## [Aim of the task]
Repeat the data that follows exactly, starting at the line with "MSI GeForce GTX" and ending at the line with "2008 Audi A3 2.0 Turbo bwa engine", and leave out every picture.

## [Extracted information]
*** Begin section ***
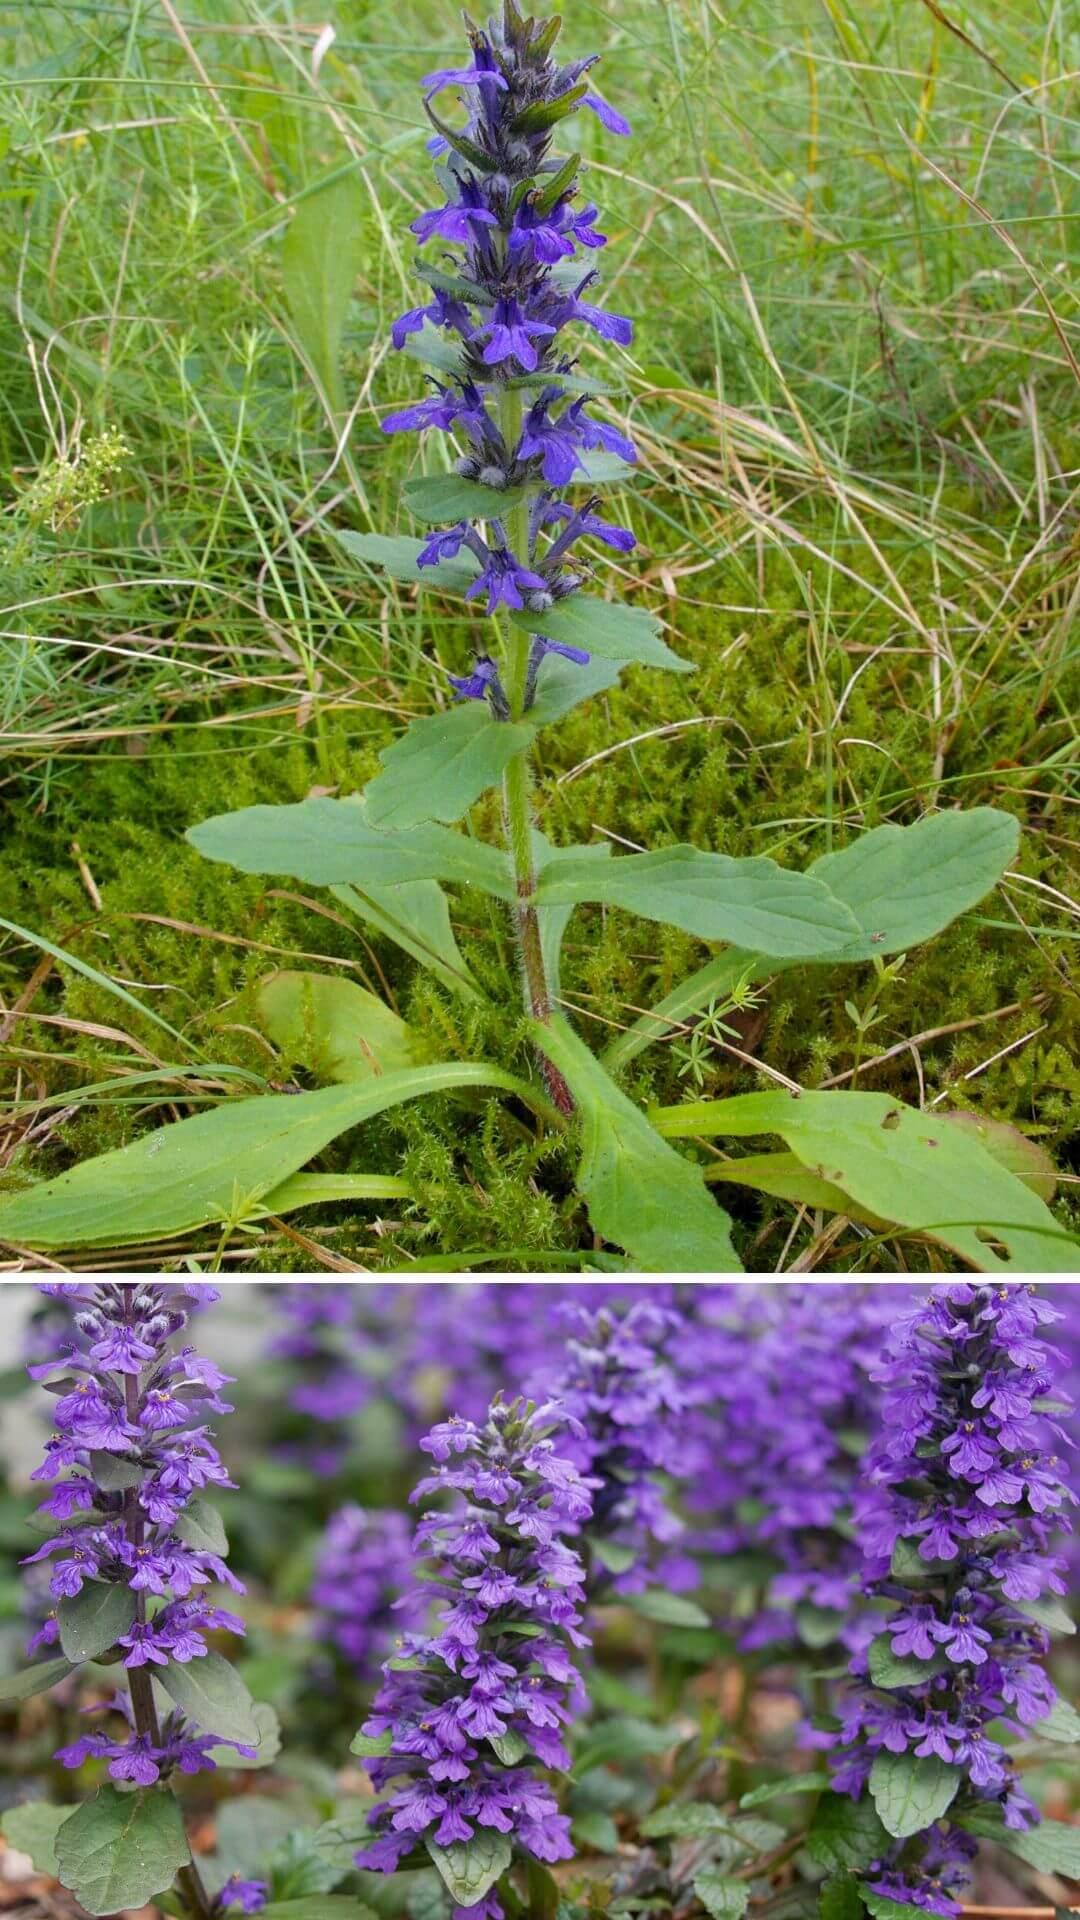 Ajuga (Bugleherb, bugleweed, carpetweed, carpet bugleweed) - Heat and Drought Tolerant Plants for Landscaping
*** End section ***
*** Begin section ***
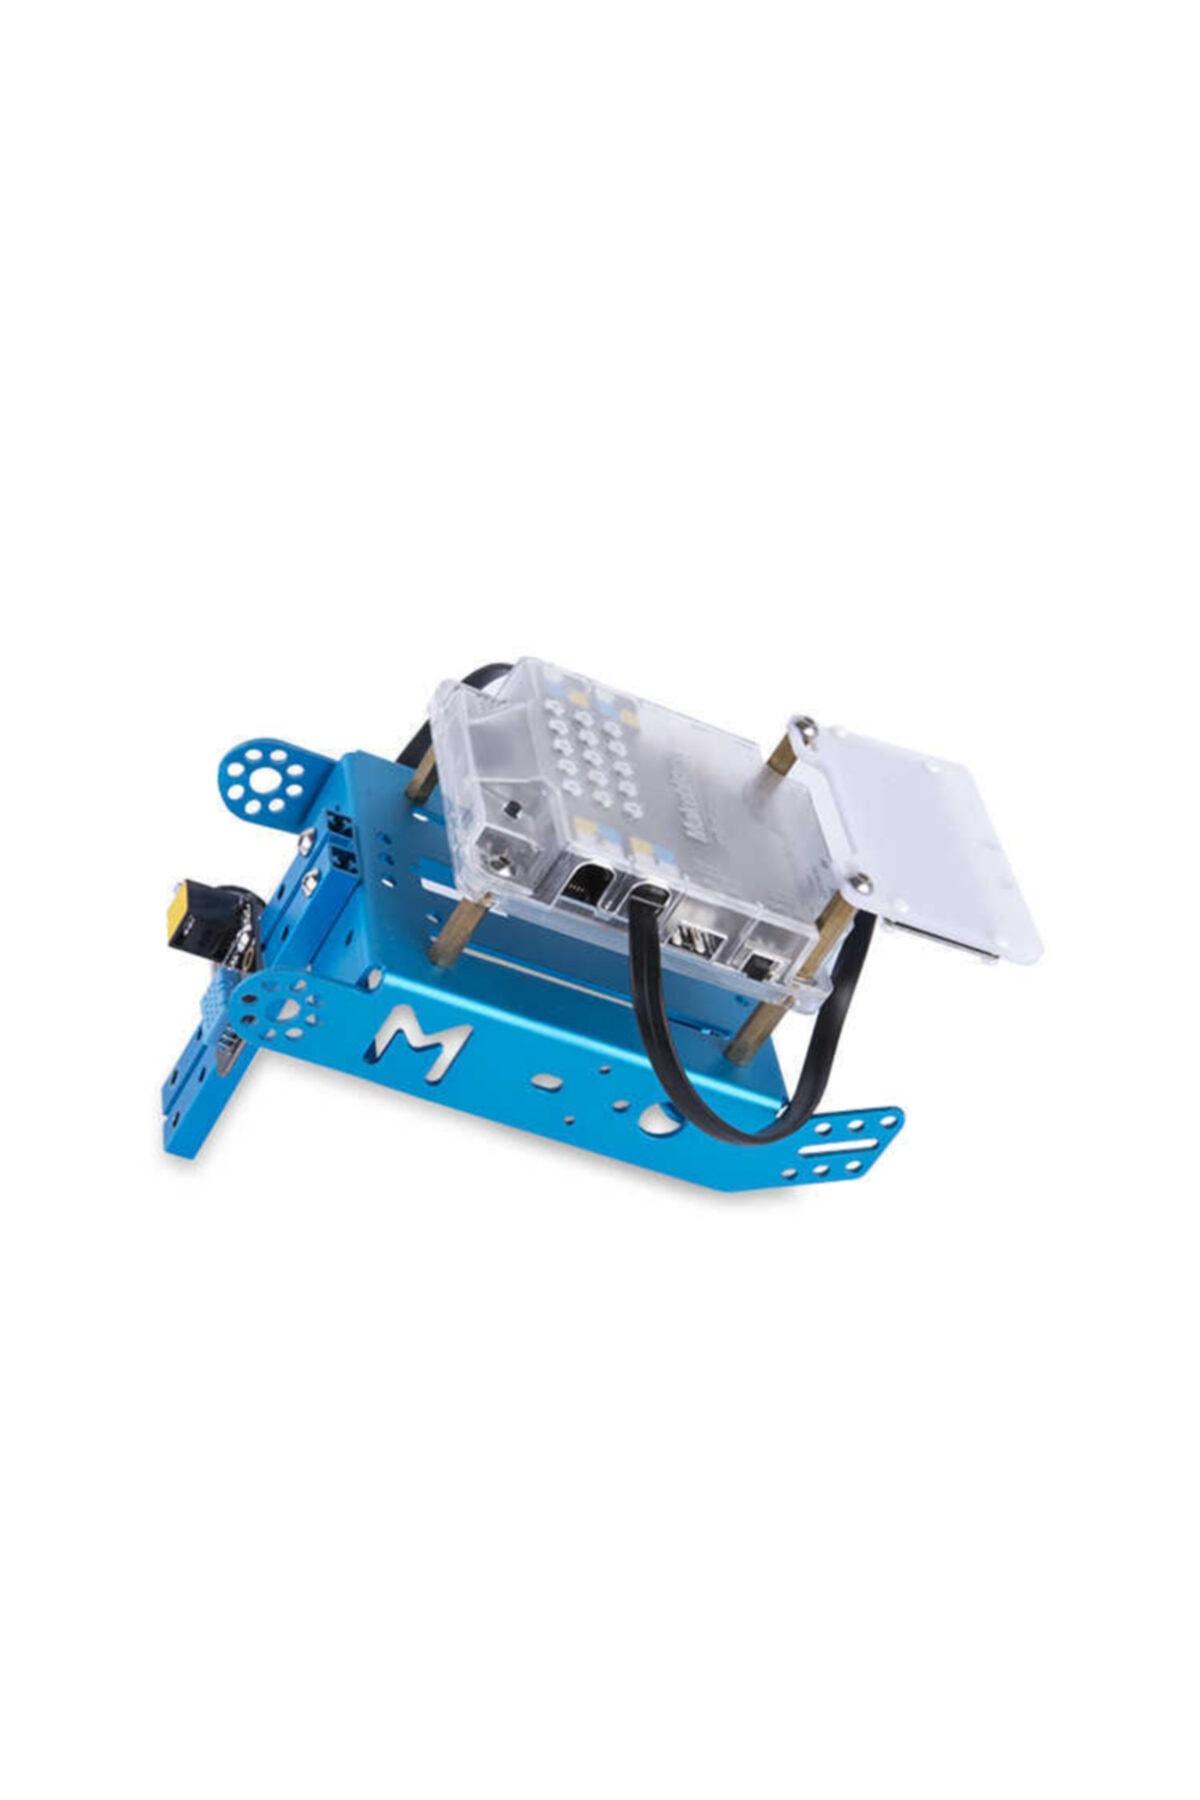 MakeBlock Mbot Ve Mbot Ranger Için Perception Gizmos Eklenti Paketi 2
*** End section ***
*** Begin section ***
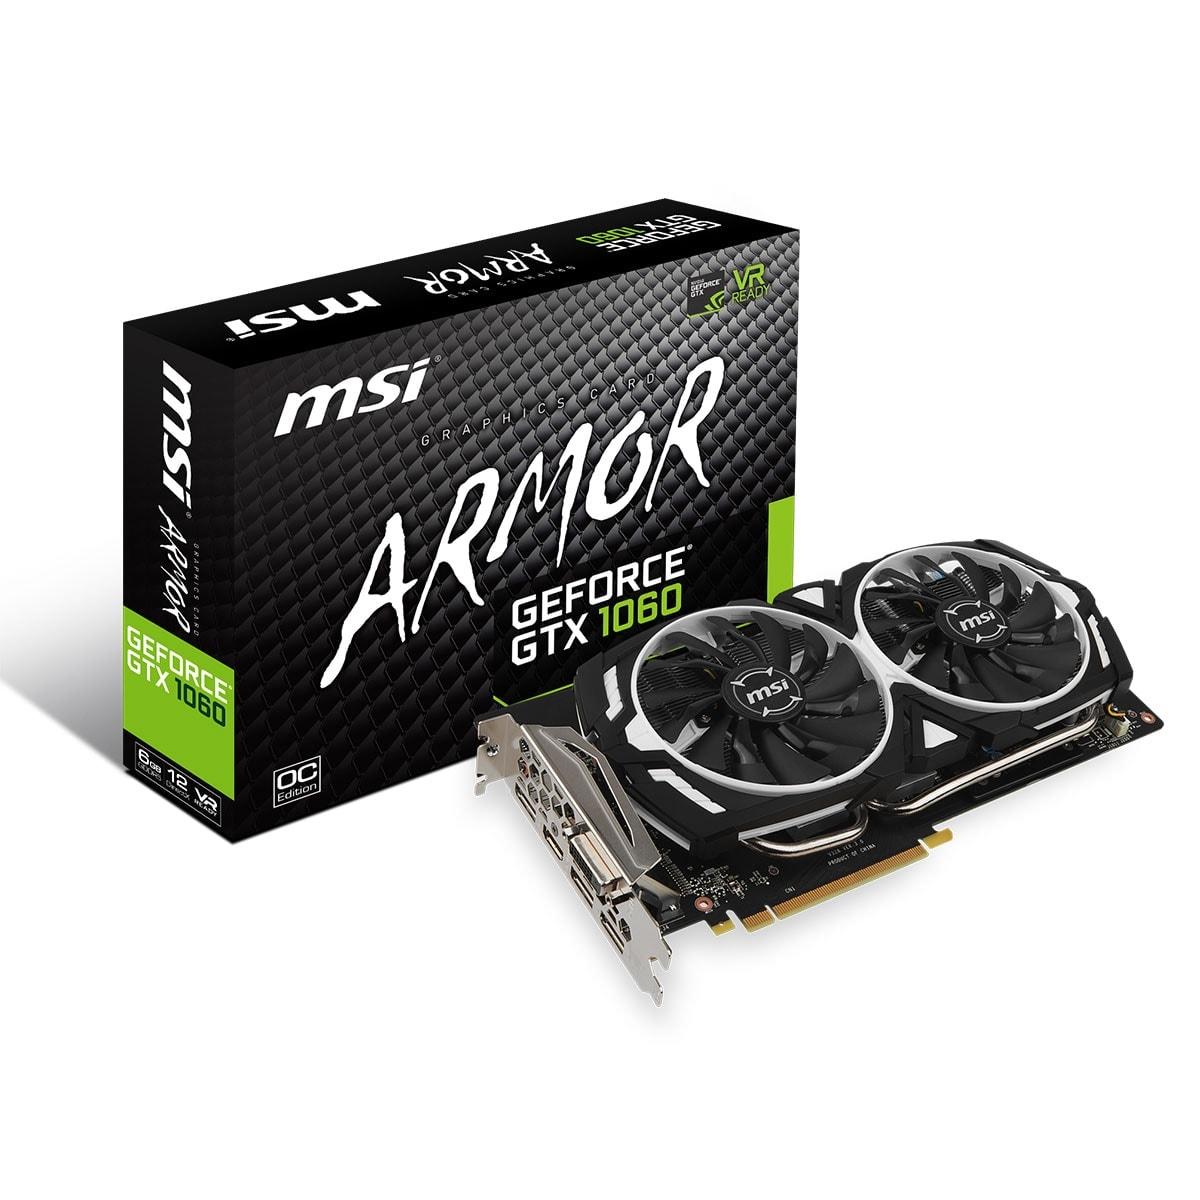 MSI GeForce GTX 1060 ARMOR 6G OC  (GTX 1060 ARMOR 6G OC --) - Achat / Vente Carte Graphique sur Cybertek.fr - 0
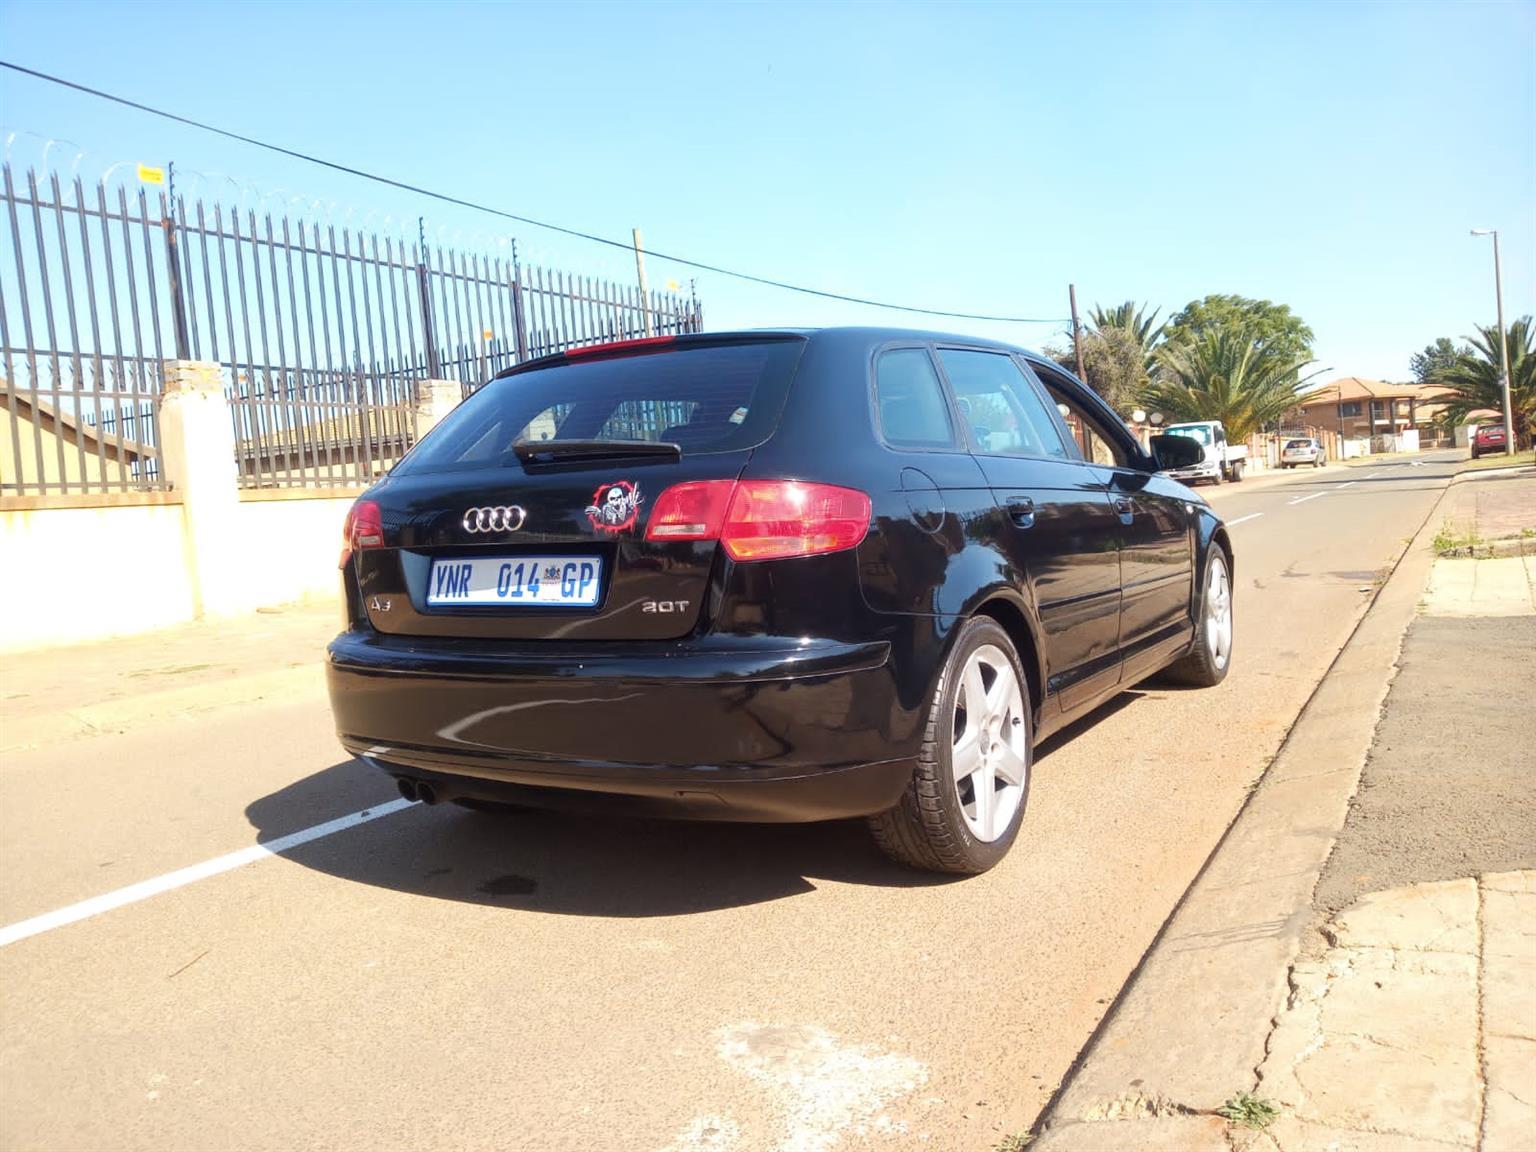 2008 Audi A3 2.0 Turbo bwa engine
*** End section ***
## [Exercise answer]
 MSI GeForce GTX 1060 ARMOR 6G OC  (GTX 1060 ARMOR 6G OC --) - Achat / Vente Carte Graphique sur Cybertek.fr - 0
 2008 Audi A3 2.0 Turbo bwa engine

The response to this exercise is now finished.